Они тут же притихли обе, и я шумно выдохнула.

— Кто-то гулял с Рокки?

— Кикимора гуляла.

— Алиса!

— Да, Маша погуляла с утра. Мам, заскочите в супер, купите коту корм.

— Вот уж нет. Мы без машины. Сами идите. Деньги в тумбочке. Ты знаешь, там в конверте.

— Знаю, мам.

— Все, давайте, мы скоро будем.

— Ма.

— Да.

— А он совсем-совсем ничего не помнит?

Я обернулась к Кириллу и увидела, что он внимательно прислушивается к нашему разговору.

— Совсем ничего. Все. Пока. Не сводите бабушку с ума.

Отключила разговор и снова отвернулась к окну.

— Твоя мама у нас дома. Она приехала к девочкам. Ждет тебя. Приготовила обед.

— У вас не скучно, я смотрю.

— Да, у НАС не скучно, — я подчеркнула нарочно, чтоб он понял, что нет никаких шансов на что-то иное, — ты её тоже не помнишь? Маму свою?

— Я ничего не помню, — уже мрачно сказал Кирилл и обхватил голову руками, — как только пытаюсь, боль в затылке простреливает и в мозгах туман растекается или патока. Я в ней вязну и вспомнить ничего не могу.

— Врач сказал, что пару месяцев лечения и, возможно, ты что-то вспомнишь. Притом твоя мама много чего тебе сможет рассказать. Я уверена, вы с ней найдете, о чем поговорить, когда уедете домой.

— Я еще даже не успел зайти к ВАМ, а ты уже думаешь о том, как я уеду домой?

— Знаешь что, Авдеев, я вообще предпочитала все это время о тебе не думать, и да, мне в напряг твое присутствие в моем доме, но дети очень переживали за тебя и хотят тебя видеть.

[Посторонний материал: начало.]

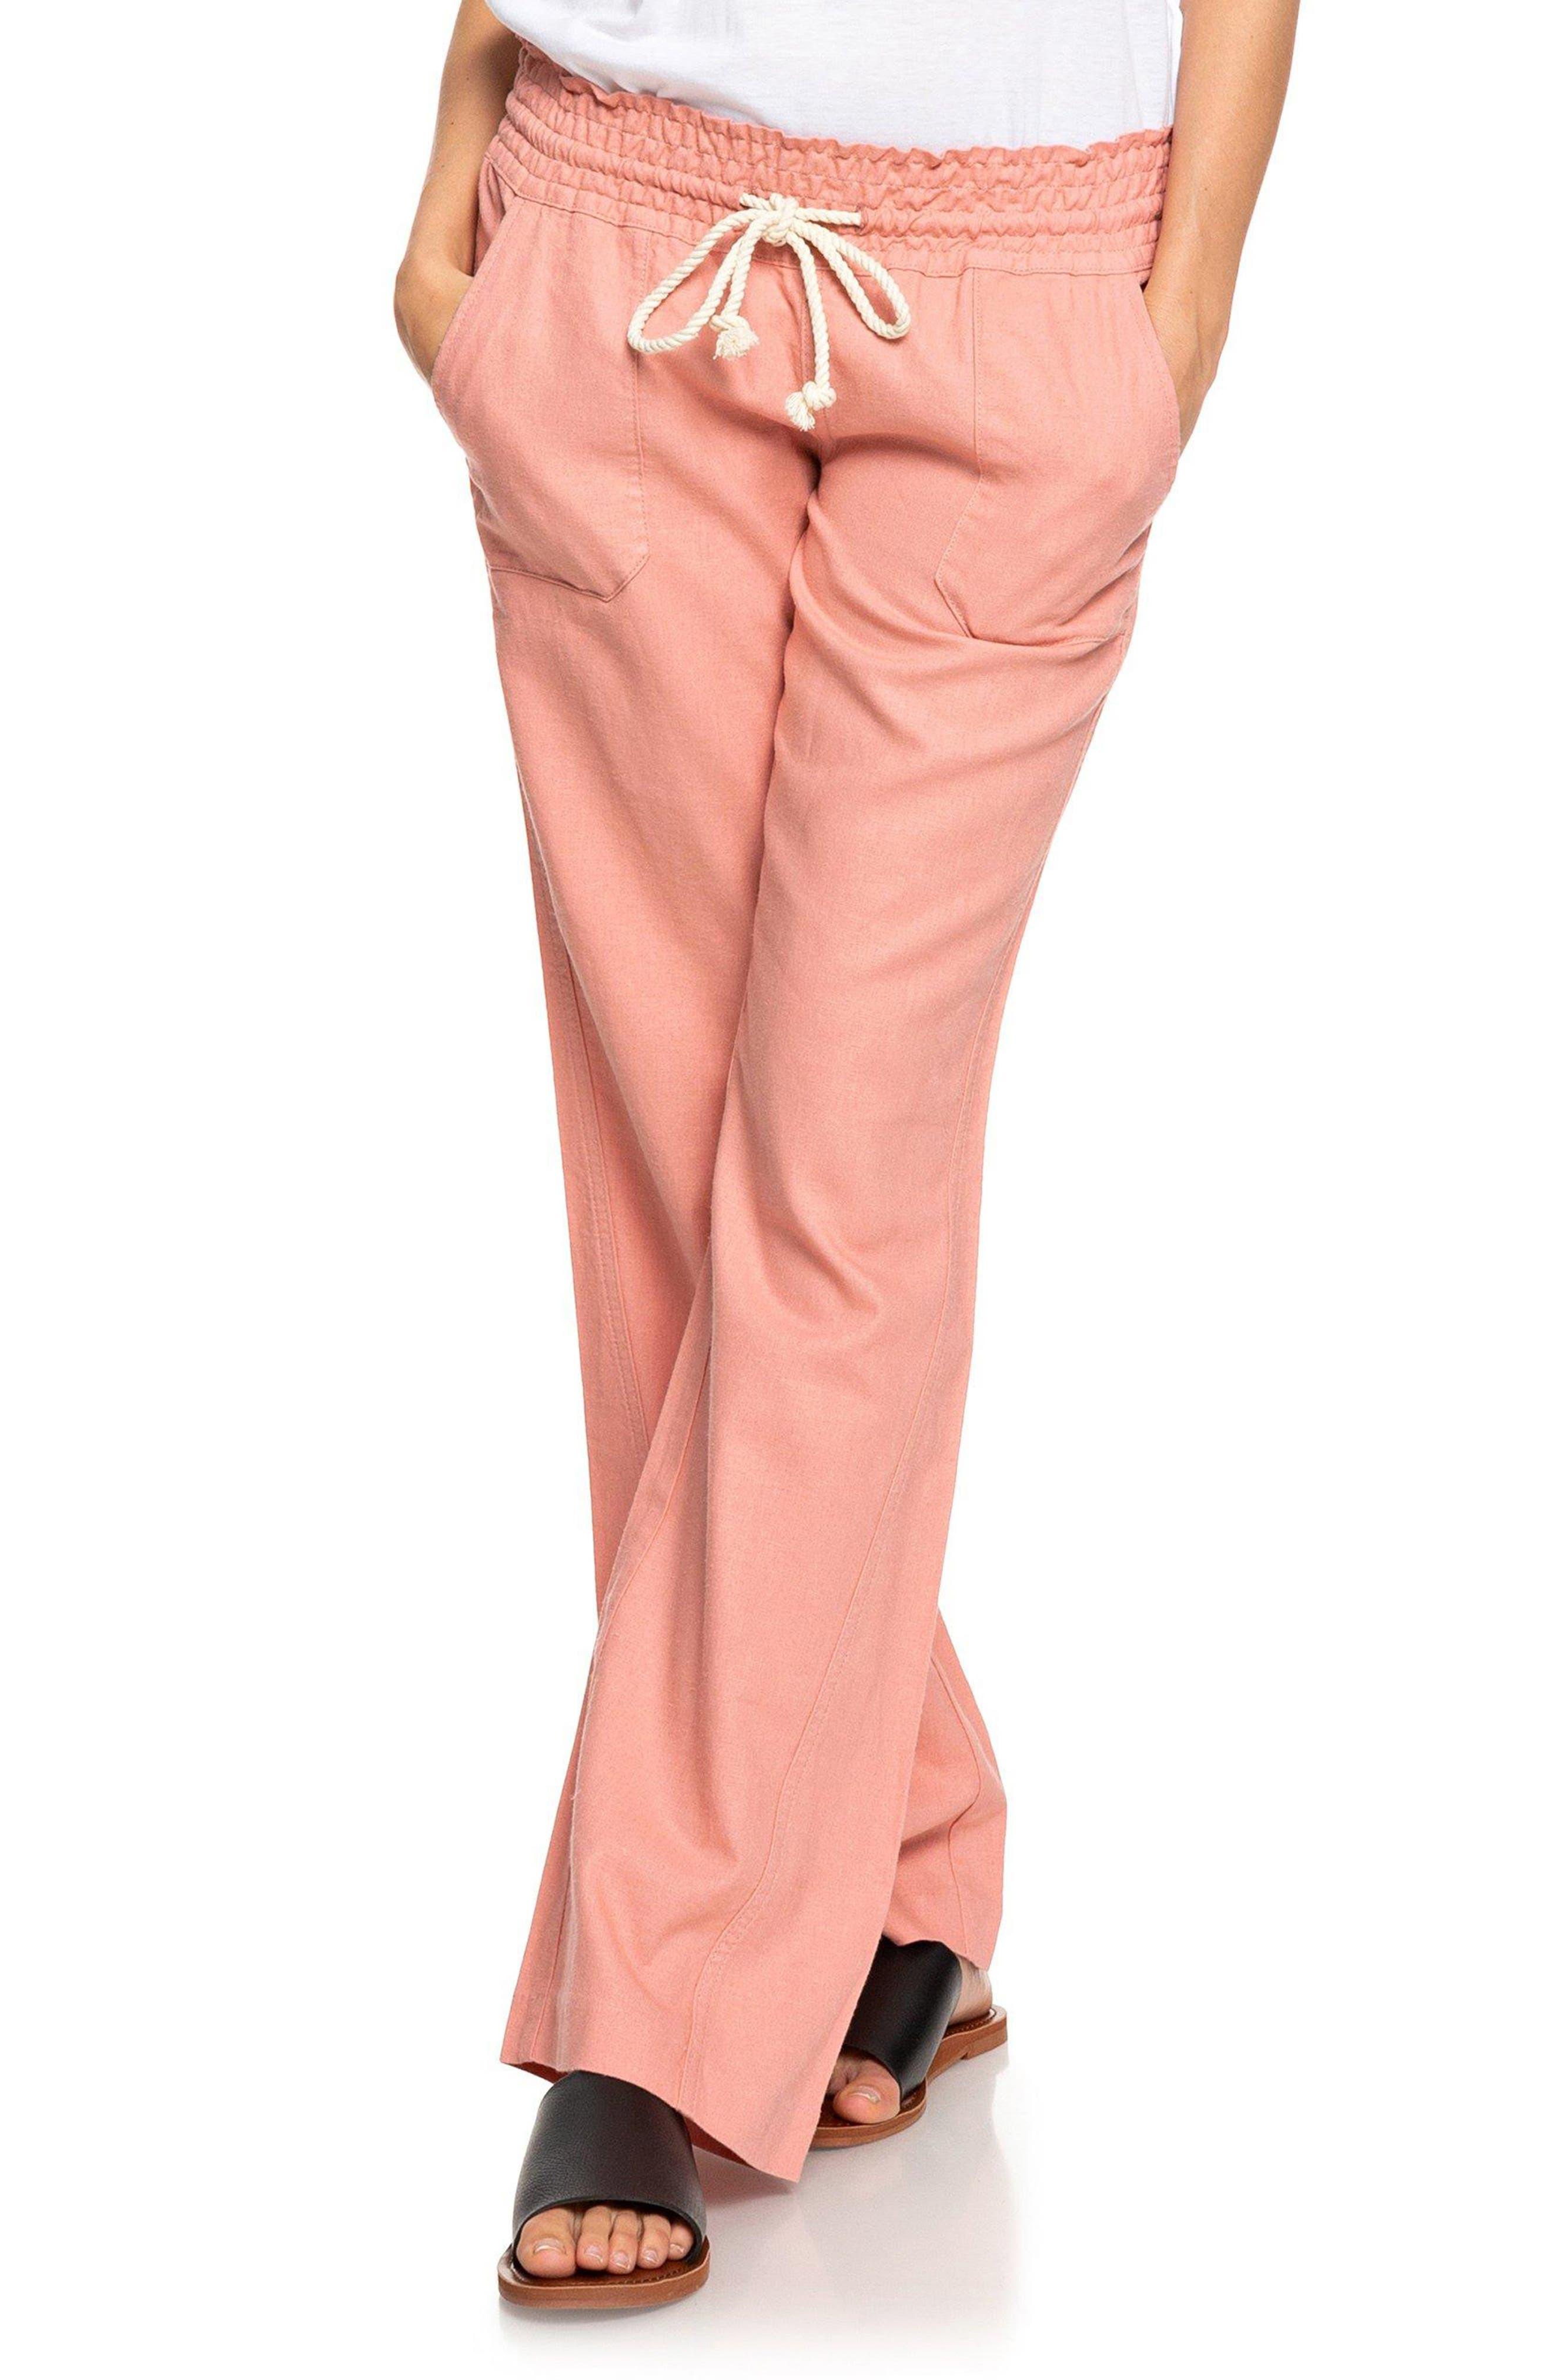 1914f40f76 Women's Pants Swimsuit Cover-Ups, Beachwear & Wraps | Nordstrom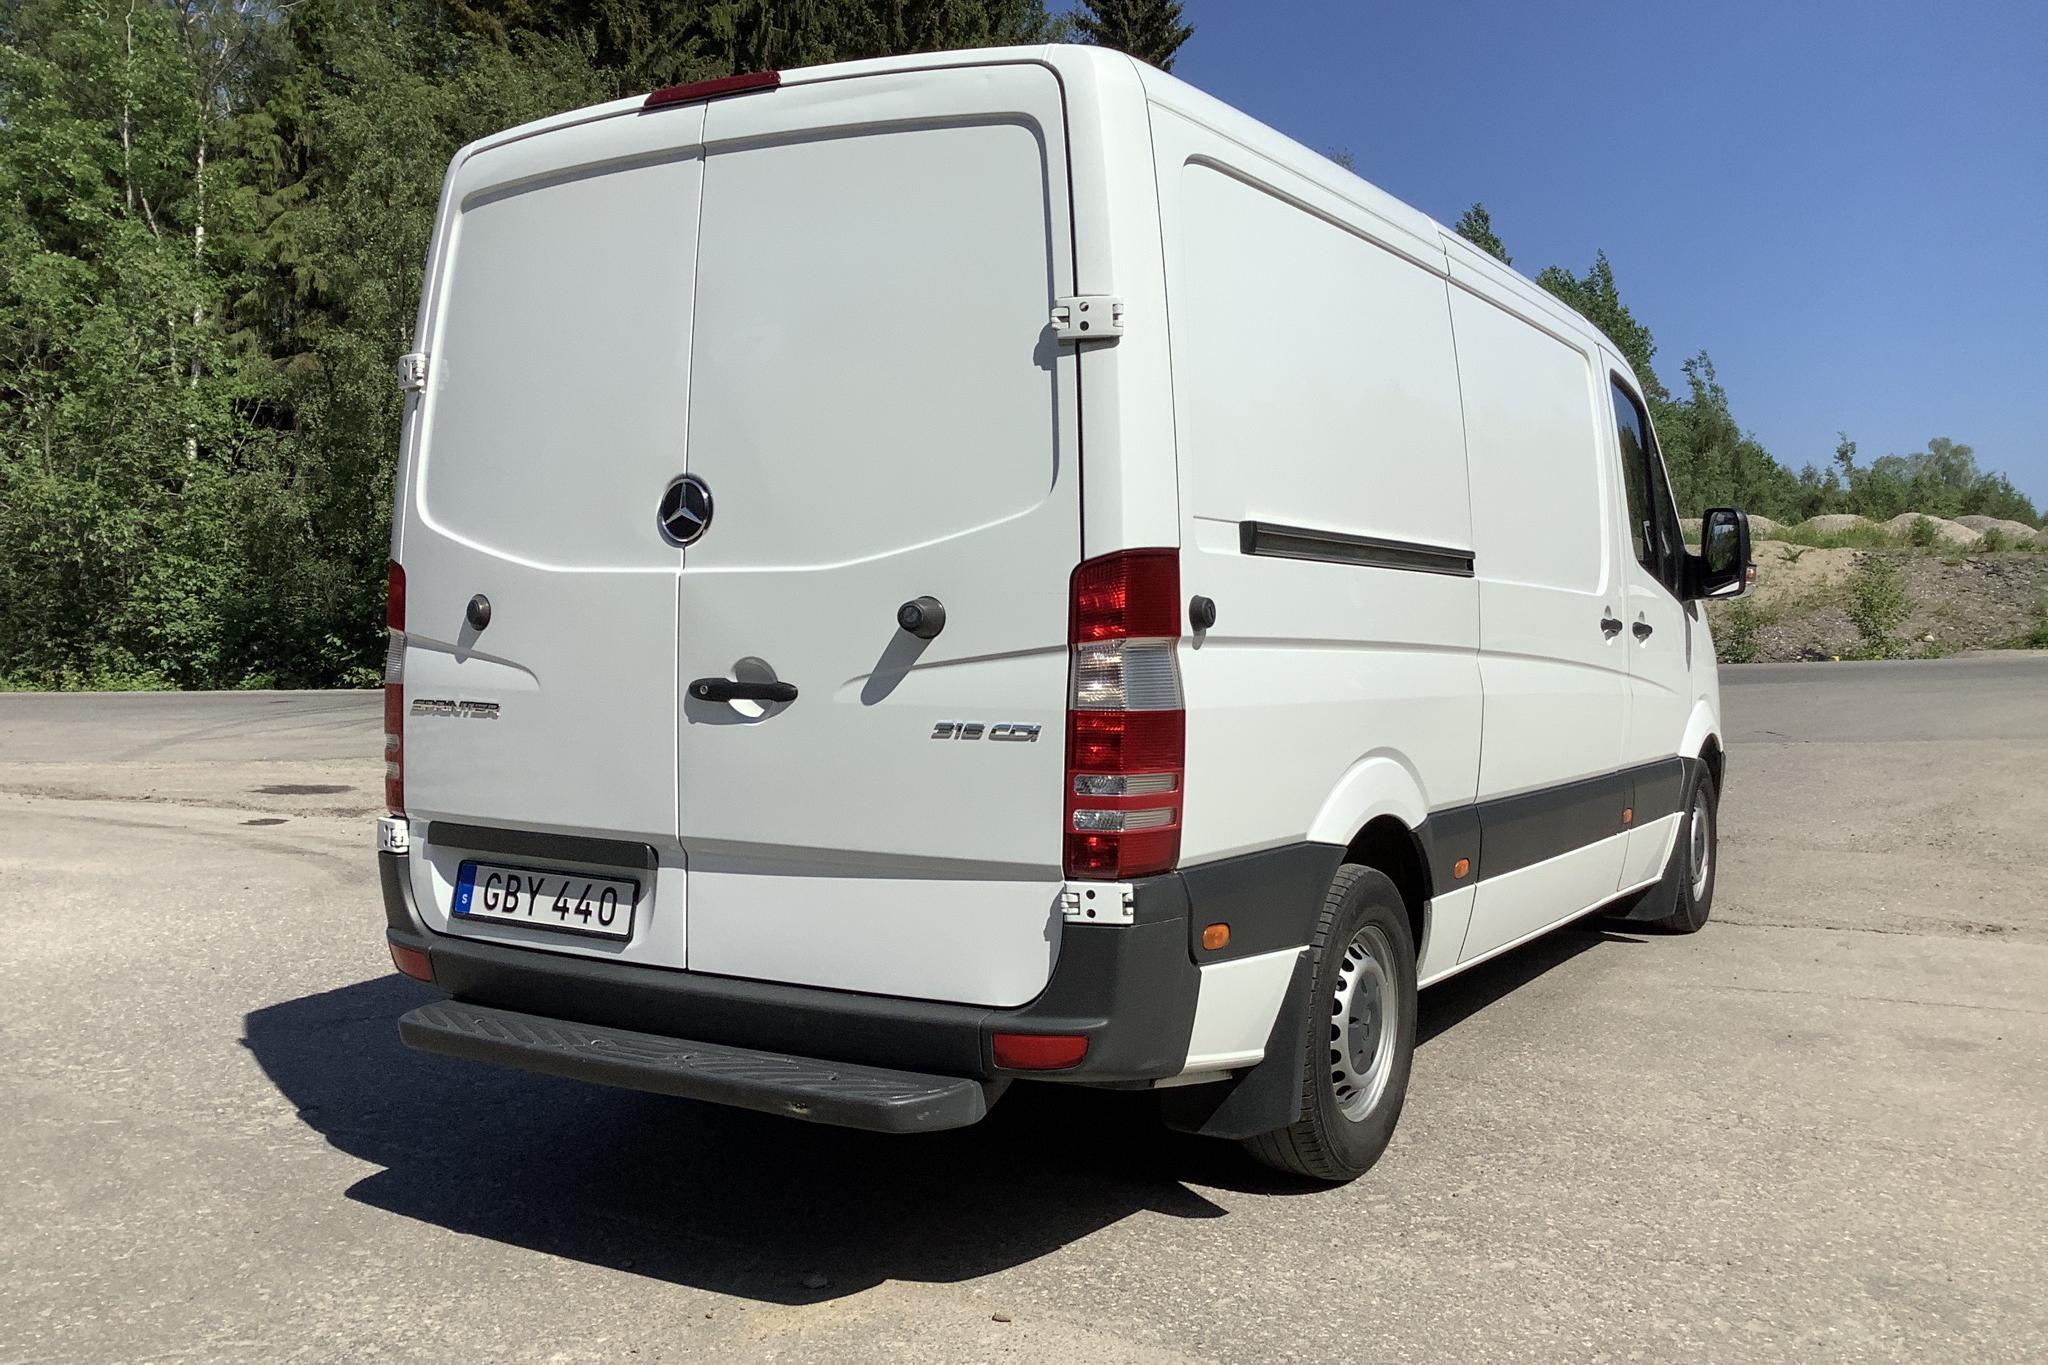 Mercedes Sprinter 316 CDI (163hk) - 24 691 mil - Manuell - vit - 2017

Вот и все. Не нужно ничего усложнять.

После моих слов около получаса он молчал, а я изо всех сил старалась не пялиться на него и смотреть только в окно. Но краем глаза видела его пальцы, как он отбивает что-то ими по колену. Он всегда так делал, если нервничал, и сейчас он явно очень нервничал.

— Почему мы разводимся? — это было неожиданно, я даже прикусила кончик языка. Медленно повернулась к нему.

— Люди иногда разводятся. Надоедают друг другу, пропадает желание жить вместе, видеть друг друга, и они расходятся, не справившись с банальными бытовыми проблемами.

— Но ведь у нас все не так было, да?

Он слегка прищурился и теперь сверлил меня одним из своих коронных взглядов, от которых мне всегда становилось тесно и душно. Они не предвещали ничего хорошего.

— Почему ты так думаешь?

— Не знаю… у меня есть такое ощущение, что у нас все было иначе. Если бы мы с тобой надоели друг другу, мы бы остались друзьями, и ты бы не ненавидела меня так сильно.

— Почему ты решил, что я тебя ненавижу?

— Вижу по твоим глазам. Когда ты смотришь на меня, они темнеют и начинают сухо блестеть, словно ты хочешь поджечь меня ими заживо. Я что-то натворил, да?

— Это теперь не имеет никакого значения, и я не хочу это обсуждать. Прости, мне по работе мейлы пришли, ответить надо.

И я уткнулась в свой телефон, надеясь, что до конца пути он будет молчать.

Глава 7

Я и в самом деле ничего не помнил. Как будто в моей памяти кто-то задернул матовую белую шторку, как в душевой кабинке. Я вижу за ней силуэты и слышу голоса, но, когда дергаю её в сторону, там еще одна такая же и еще, и еще.

И так до бесконечности. Нет, это даже не чертовая матрешка, а именно матово-туманное ничего. Я всем существом знаю, что за этой шторкой прячется мое прошлое. И чем больше я копаюсь в себе, тем больше прихожу в отчаяние из-за собственного бессилия. Первый день меня пичкали лекарствами, и я вел долгие беседы с врачами. Мне это напоминало допросы у следователя и психологические пытки. Самое интересное — я прекрасно знал, что это означает. То есть полностью осознавал себя, как личность. Например, точно понял, что курю, так как от запаха сигарет, который доносился с лестничной клетки больницы, мне захотелось курить, и я инстинктивно начал искать пачку у себя в карманах и в прикроватной тумбочке. Так же точно знал, что умею водить машину, и она у меня есть — в кармане куртки были ключи от «БМВ», если только я не один из тех лохов, которые ездят на жигули, а на ключах таскают брелок со значком мерса, чтоб другие решили, что у него крутая тачка. Я определенно люблю черный крепкий кофе, не ем рис, умею читать и писать, но, черт возьми, это мне ничем не помогало.